CUDA Graphs reduce kernel-launch overhead by recording GPU operations once and replaying the recording on subsequent iterations. Megatron-LM provides three CUDA graph implementations controlled by --cuda-graph-impl.

For implementation background and design details, see NVIDIA’s Transformer Engine and Megatron-LM CUDA Graph Support. That article is a useful conceptual reference, but some examples there still use older flags such as --enable-cuda-graph or --cuda-graph-scope full_iteration; in this repository, prefer --cuda-graph-impl local|transformer_engine|full_iteration as documented below.

Overview#

CUDA graph behavior is set by three orthogonal flags:

Flag

Values

Purpose

--cuda-graph-impl

none / local / transformer_engine / full_iteration

Which capture backend or strategy to use

--cuda-graph-modules

attn / mlp / moe / moe_router / moe_preprocess / mamba

Per-layer training capture coverage; multi-valued and only meaningful for local and transformer_engine

--inference-cuda-graph-scope

none / layer / block

Granularity of CUDA graphs during inference; only local supports non-none values

Supported combinations:

--cuda-graph-impl

Backend

Training capture

Inference capture

none

off

off

local

MCore CudaGraphManager

per-layer, controlled by --cuda-graph-modules

layer (default) or block, controlled by --inference-cuda-graph-scope

transformer_engine

TE make_graphed_callables()

per-layer, controlled by --cuda-graph-modules

not supported (none only)

full_iteration

MCore FullCudaGraphWrapper

one graph per training iteration; --cuda-graph-modules must be empty

not supported (none only)


CUDA Graph — Local Implementation (--cuda-graph-impl local)#

Uses MCore’s built-in CudaGraphManager. During training, this is a per-layer mode: leaving --cuda-graph-modules unset captures the whole Transformer layer, while specifying modules restricts capture to selected sub-regions. During inference, local can instead attach graphs at either the layer boundary or the enclosing block boundary, as controlled by --inference-cuda-graph-scope.
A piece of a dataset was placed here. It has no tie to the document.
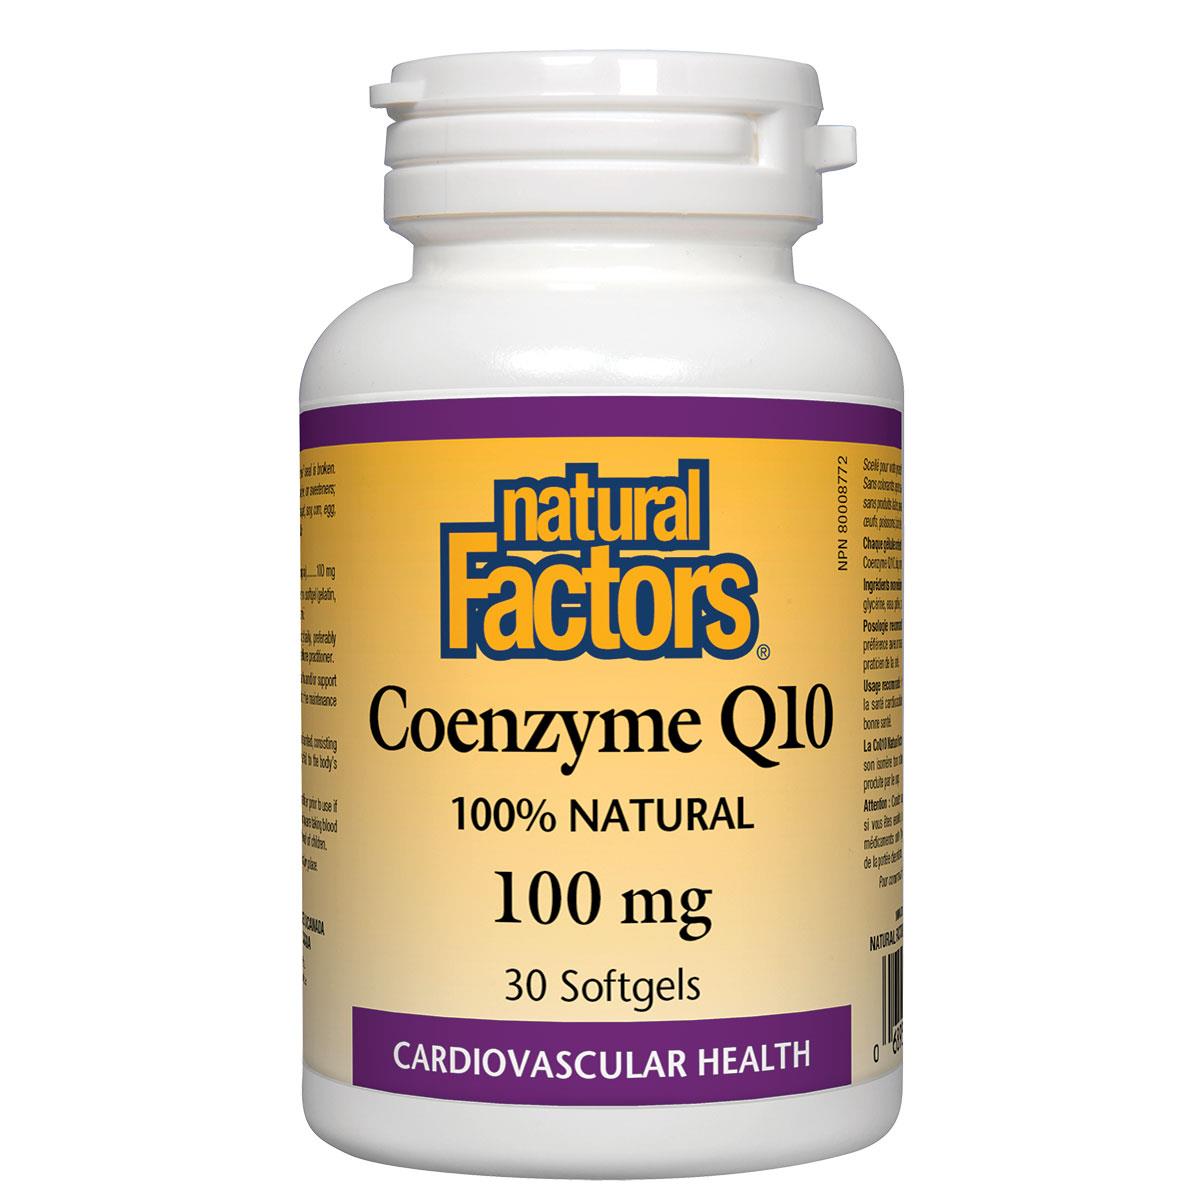 Natural Factors Coenzyme Q10 (100% Natural) 100mg / 30SGels

Operationally, this path is tightly integrated into MCore training and inference:

  • graphable modules create and own their CudaGraphManager instances automatically

  • the existing training schedules drive warmup/capture/replay automatically

  • users select the mode through config flags only; there is no separate helper API to wire into a custom training loop or a separate need to handle static input buffers

Usage#

--cuda-graph-impl local

--cuda-graph-modules options#

Module

What is captured

(empty / not set)

Entire Transformer layer (default)

attn

TransformerLayer._forward_attention()

mlp

TransformerLayer._forward_mlp() for dense layers

moe

TransformerLayer._forward_mlp() for MoE layers (drop-and-pad only)

moe_router

MoE router + shared experts (if not EP-comm-overlapped)

moe_preprocess

MoELayer.preprocess() — must be paired with moe_router

mamba

Mamba SSM layer

Example — MoE model, capture attention and router:

--cuda-graph-impl local \
# Optionally restrict captured modules (default: capture whole layer, but not working for MoE dynamic shapes)
--cuda-graph-modules attn moe_router moe_preprocess

CUDA Graph — Transformer Engine Implementation (--cuda-graph-impl transformer_engine)#

Uses Transformer Engine’s make_graphed_callables() path. In Megatron-LM’s CLI, this has the same training granularity as local: leaving --cuda-graph-modules unset captures the whole Transformer layer, while specifying modules restricts capture to selected sub-regions. The main difference from local is the backend implementation and feature compatibility. Unlike local, this path does not support inference CUDA graphs.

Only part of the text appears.